→ Information provided:
============
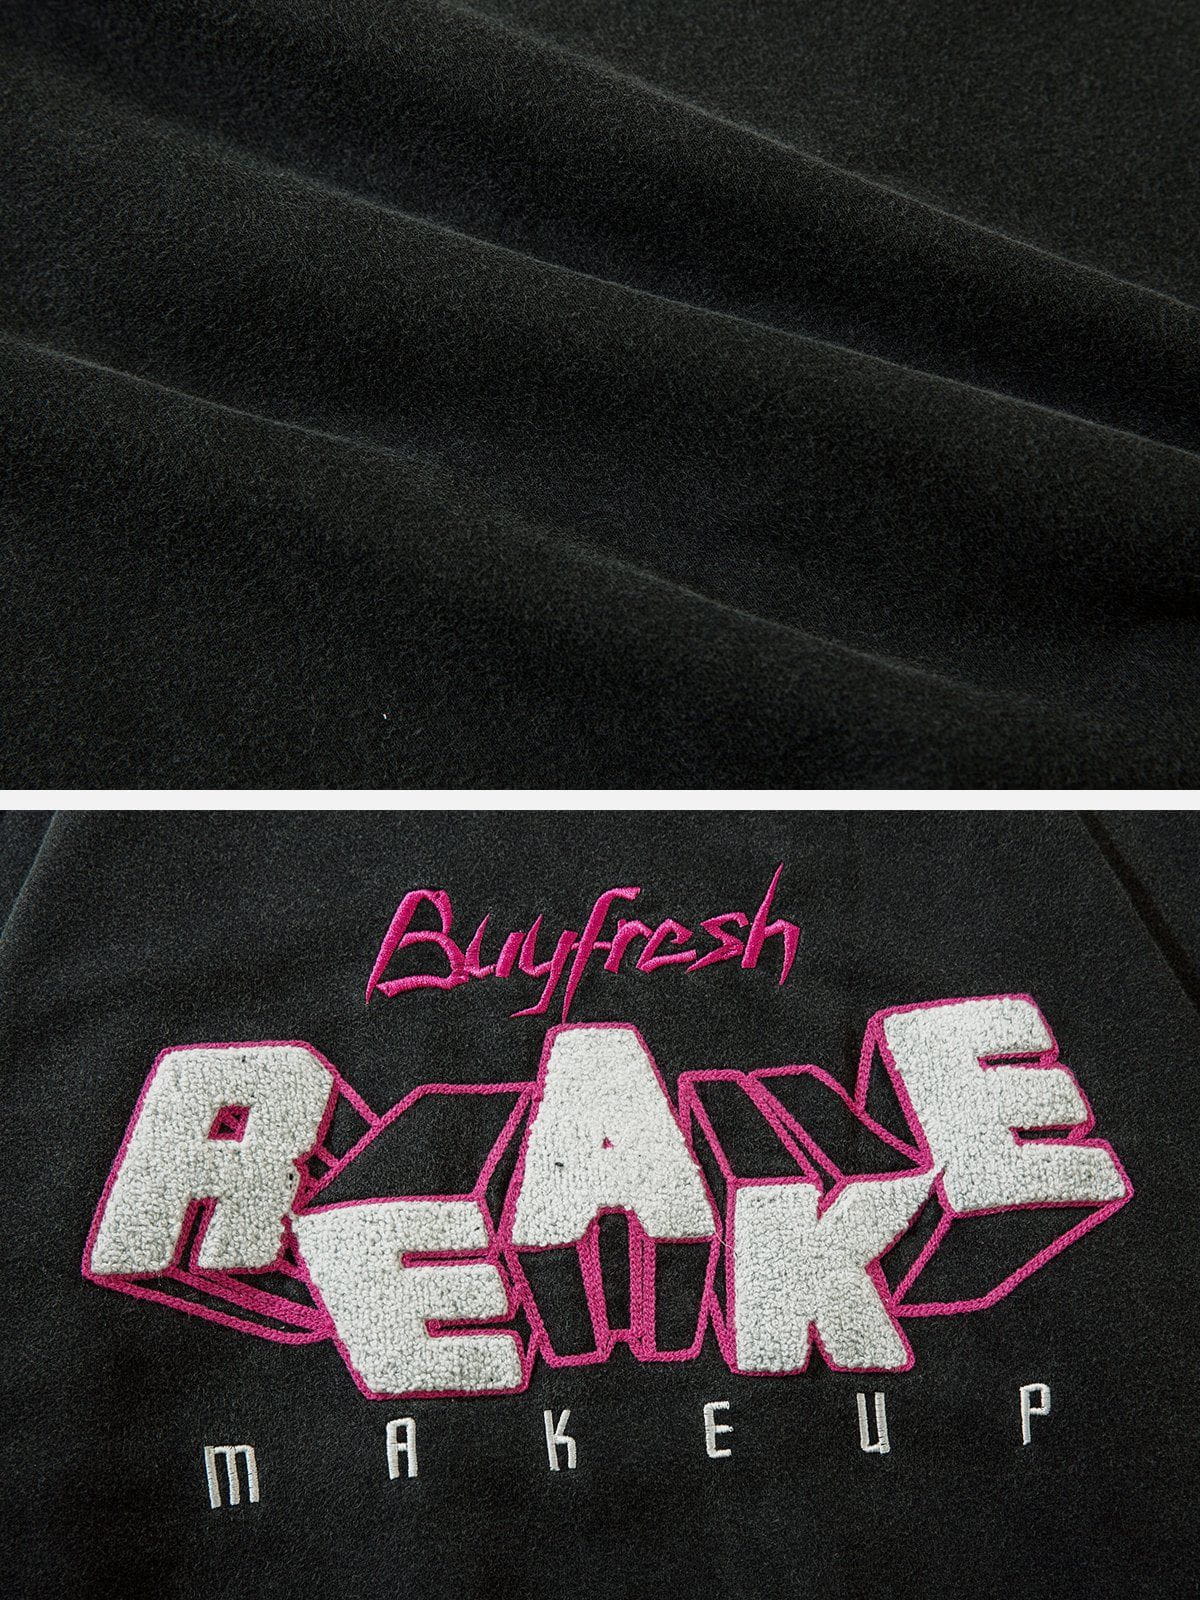 LUXENFY™ - "REAKE" Print Sweatshirt luxenfy.com
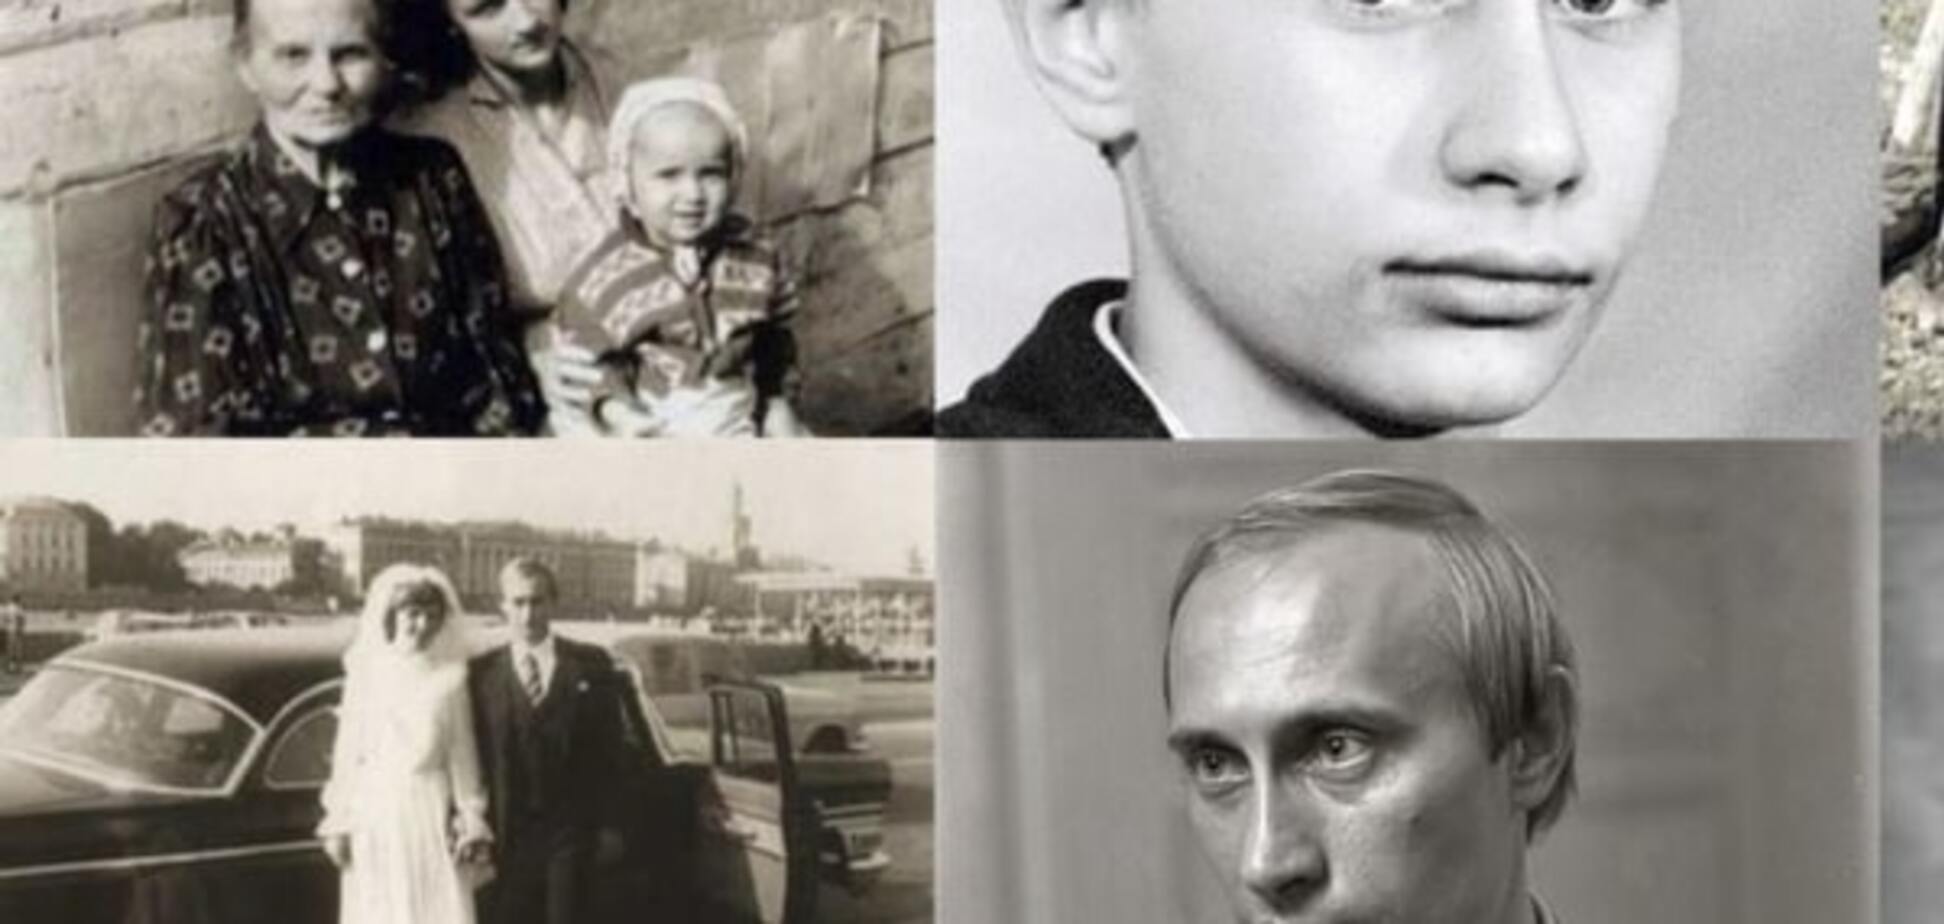 Как жила семья Путина: в сети показали архивные фото 
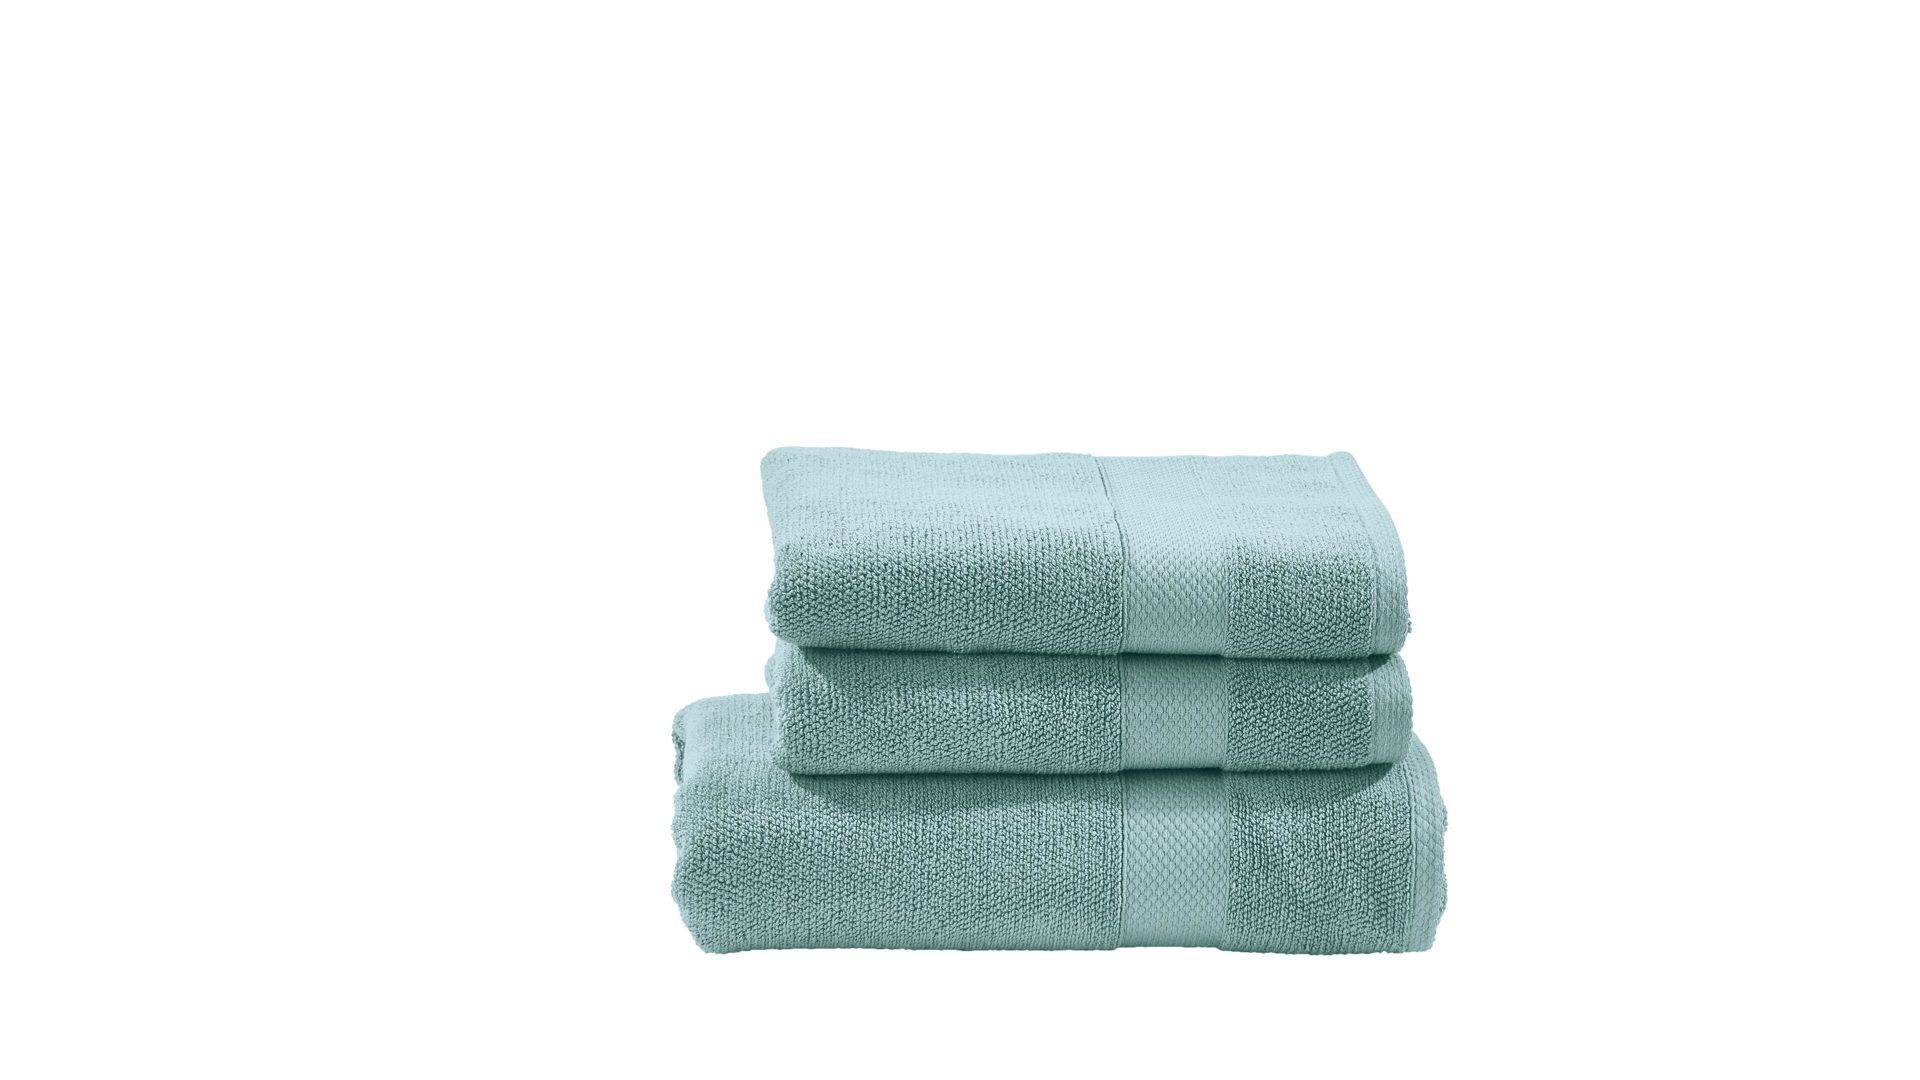 Handtuch-Set Done® by karabel home company aus Stoff in Pastellfarben DONE® Handtuch-Set Deluxe für Ihre Heimtextililen oceanfarbene Baumwolle  – dreiteilig
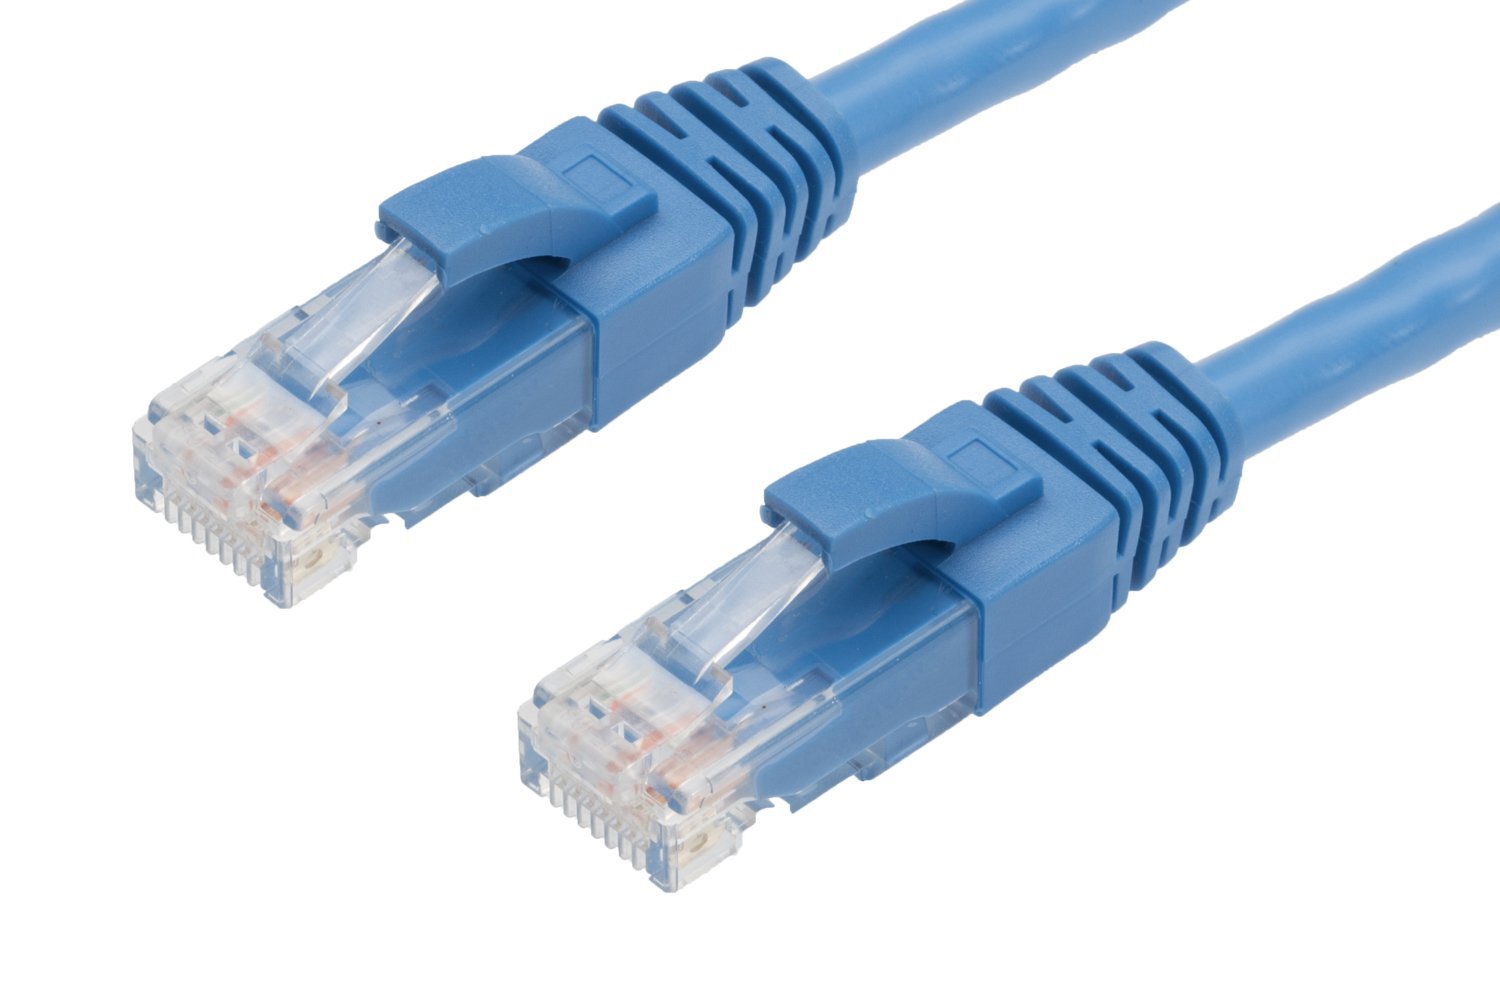 4Cabling 0.5M RJ45 Cat6 Ethernet Cable. Blue
============
→ Exercise details: From the first line of the material to the last, retype everything exactly except the images.

→ Output:
 LUXENFY™ - "REAKE" Print Sweatshirt luxenfy.com
 Как жила семья Путина: в сети показали архивные фото 
 Handtuch-Set Done® by karabel home company aus Stoff in Pastellfarben DONE® Handtuch-Set Deluxe für Ihre Heimtextililen oceanfarbene Baumwolle  – dreiteilig
 4Cabling 0.5M RJ45 Cat6 Ethernet Cable. Blue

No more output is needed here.